# Hands-On Lab: Building Agent Systems with Databricks

## Part 2 - Agent Evaluation
Now that we've created an agent, how do we evaluate its performance?
For the second part, we're going to create a product support agent so we can focus on evaluation.
This agent will use a RAG approach to help answer questions about products using the product documentation.

### 2.1 Define our new Agent and retriever tool
- [**agent.py**]($./agent.py): An example Agent has been configured - first we'll explore this file and understand the building blocks
- **Vector Search**: We've created a Vector Search endpoint that can be queried to find related documentation about a specific product.
- **Create Retriever Function**: Define some properties about our retriever and package it so it can be called by our LLM.

### 2.2 Create Evaluation Dataset
- We've provided an example evaluation dataset - though you can also generate this [synthetically](https://www.databricks.com/blog/streamline-ai-agent-evaluation-with-new-synthetic-data-capabilities).

### 2.3 Run MLflow.evaluate() 
- MLflow will take your evaluation dataset and test your agent's responses against it
- LLM Judges will score the outputs and collect everything in a nice UI for review

### 2.4 Make Needed Improvements and re-run Evaluations
- Take feedback from our evaluation run and change retrieval settings
- Run evals again and see the improvement!

In [0]:
%pip install -U -qqqq mlflow-skinny[databricks] langgraph==0.3.4 databricks-langchain databricks-agents uv
dbutils.library.restartPython()

In [0]:
%load_ext autoreload
%autoreload 2

In [0]:
import sys
sys.path.append("..")

from workshop_config import *

In [0]:
from agent import AGENT

AGENT.predict({"messages": [{"role": "user", "content": "Can you give me troubleshooting tips for my Soundwave X5 Pro Headphones?"}]})

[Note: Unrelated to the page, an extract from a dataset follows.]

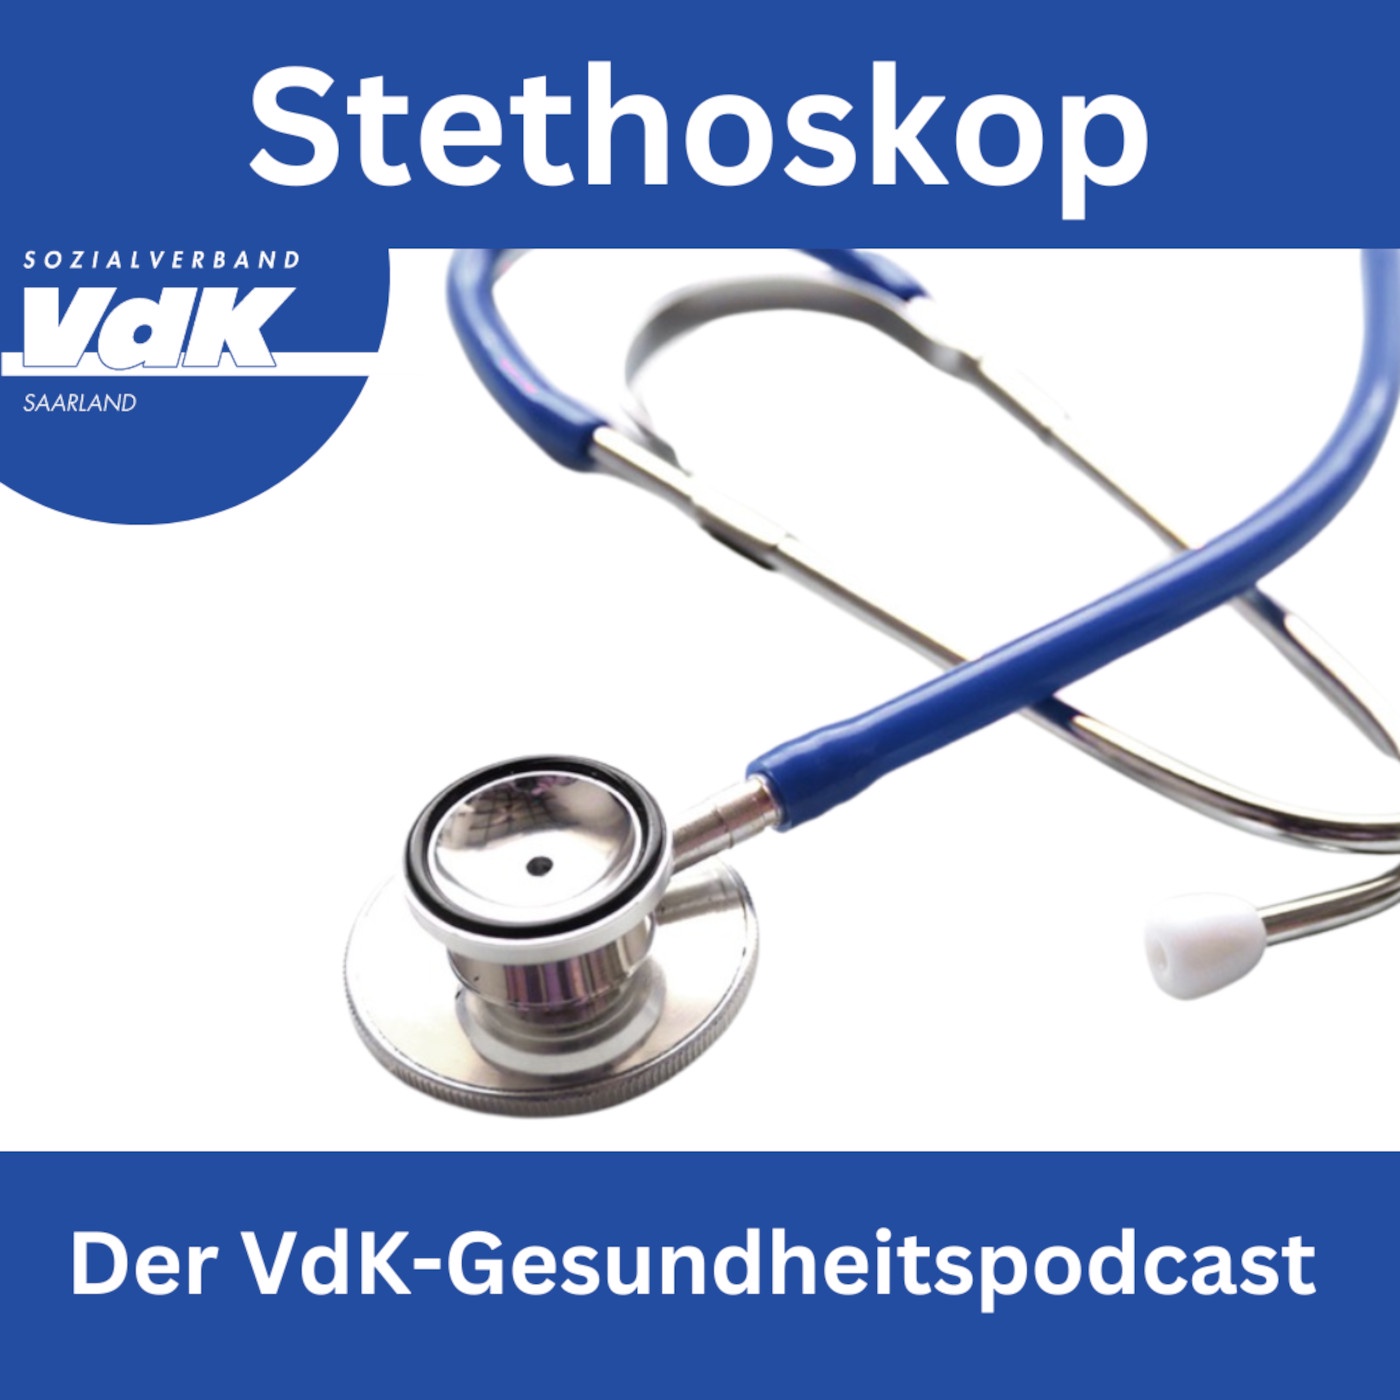 Stethoskop | Der VdK-Gesundheitspodcast

### Log the `agent` as an MLflow model
Log the agent as code from the [agent]($./agent) notebook. See [MLflow - Models from Code](https://mlflow.org/docs/latest/models.html#models-from-code).

In [0]:
# Determine Databricks resources to specify for automatic auth passthrough at deployment time
import mlflow
from agent import tools, LLM_ENDPOINT_NAME
from databricks_langchain import VectorSearchRetrieverTool
from mlflow.models.resources import DatabricksFunction, DatabricksServingEndpoint
from unitycatalog.ai.langchain.toolkit import UnityCatalogTool

resources = [DatabricksServingEndpoint(endpoint_name=LLM_ENDPOINT_NAME)]
for tool in tools:
    if isinstance(tool, VectorSearchRetrieverTool):
        resources.extend(tool.resources)
    elif isinstance(tool, UnityCatalogTool):
        resources.append(DatabricksFunction(function_name=tool.uc_function_name))

input_example = {
    "messages": [
        {
            "role": "user",
            "content": "What color options are available for the Aria Modern Bookshelf?"
        }
    ]
}

with mlflow.start_run():
    logged_agent_info = mlflow.pyfunc.log_model(
        artifact_path="agent",
        python_model="agent.py",
        input_example=input_example,
        resources=resources,
        extra_pip_requirements=[
            "databricks-connect"
        ]
    )

In [0]:
# Load the model and create a prediction function
logged_model_uri = f"runs:/{logged_agent_info.run_id}/agent"
loaded_model = mlflow.pyfunc.load_model(logged_model_uri)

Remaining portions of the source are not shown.